Cavalieri’s name is virtually unknown and his childhood gives no clues as to his actual mathematical contribution. Cavalieri joined an Italian religious order when still a boy, but it was recognised at an early stage that his real talent was for mathematics.

In 1629, supported by the church, he became chair of mathematics at the University of Bologna. He was inspired primarily by Galileo. He regarded himself as a disciple of his and corresponded with him. Characteristically for the time, his work looked at what we would now regard as mathematics and physics.

In the latter he studied optics, developing the design for a reflecting telescope; he also studied astronomy and astrology. A major problem in astronomy is the awesome calculations that need to be made from countless observations.

This can be very time consuming and the slightest error means that vital clues may be missed, and opportunities for preditions and theories lost. Because of this, he became the first Italian to understand the powerful method of performing such calculations that logarithms provided and he published tables of logarithms of trigonomic functions for the use of astronomers.

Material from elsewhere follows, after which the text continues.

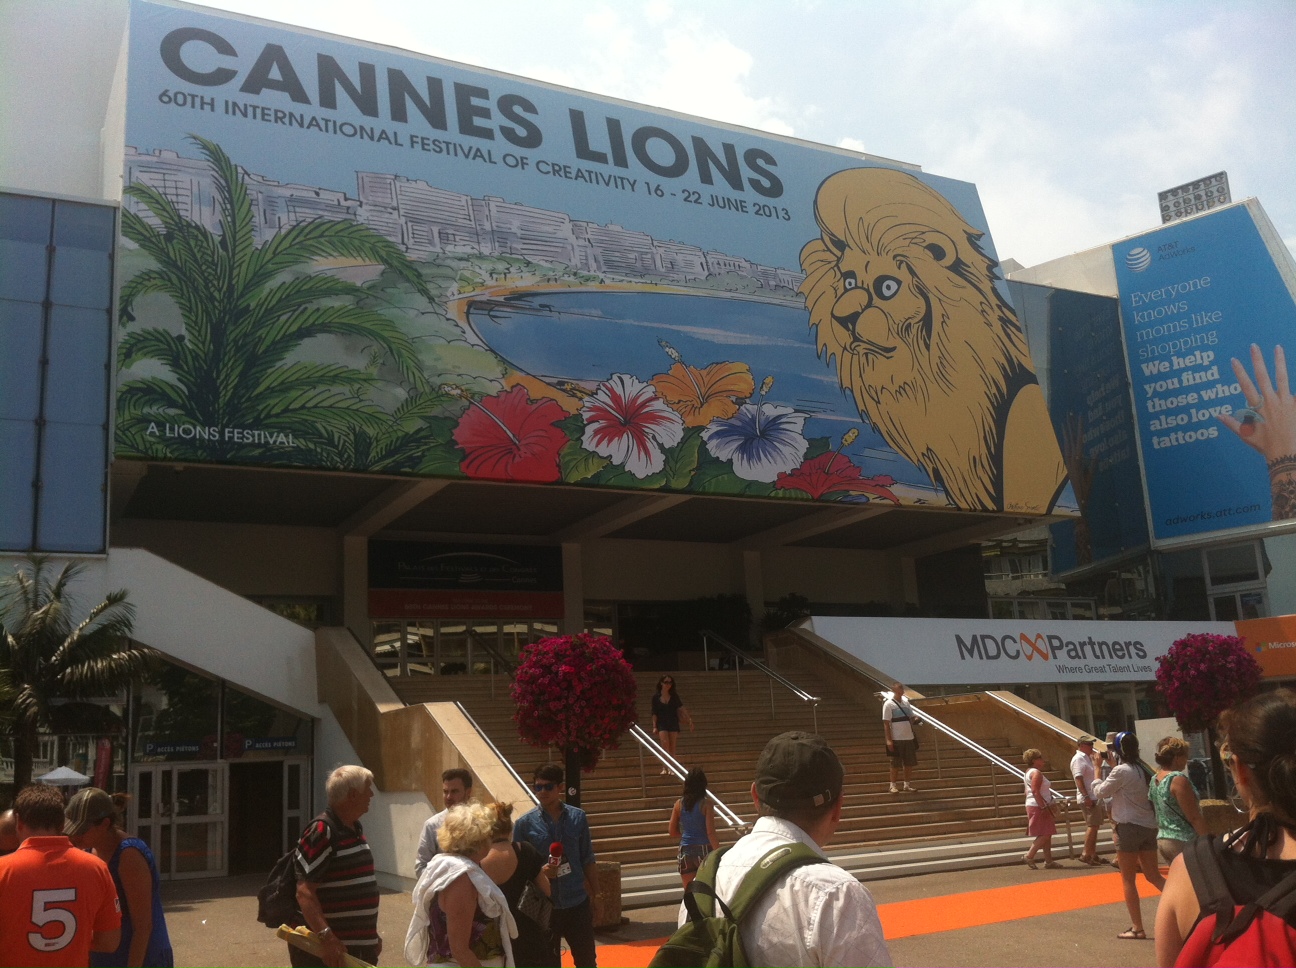 Cannes Lions 2013

But what the world now remembers Cavalieri for is his influential book *Geometria indivisibilis continuorum nova* published in 1635. This work developed and extended Archimedes’ method of exhaustion by making use of Kepler’s theory of the infinitesimal.

This device allowed Cavalieri to find the area and volume of a number of geometric figures. The essence of the method is to regard an area as made up of an indefinite number of lines or ‘indivisibles’. A solid volume is similarly composed of areas that are indivisible. By averaging these, and then using a multiplier, expressions for the area or volume emerge. The method is simple yet profound.

The book faced fierce contemporary criticism and was re-drafted and carefully revised in response. This paid off when it became a key source for later 17th century mathematicians.

It is now widely regarded as one of the first and decisive steps towards the integral calculus. This method of obtaining areas and volumes is still in use in schools as a means to motivate and facilitate the introduction of integral calculus.

Here is an example of its use. Think about a circle and cutting it up into a large number of segments which are then stuck down as shown (top to tail):

The shape on the right is ‘almost’ a rectangle and the more segments that are taken, the closer it will be to a rectangle.

The areas of the circle and the rectangle are the same - they comprise the same parts. But the length of the rectangle is half the circumference of the circle; the height of the rectangle is just the radius of the circle. So the area of the circle is given by the area of the rectangle,

A=\left({1\over{2}}2\lambda{r}\right).r=\lambda{r^2}

That’s Cavalieri’s method in action.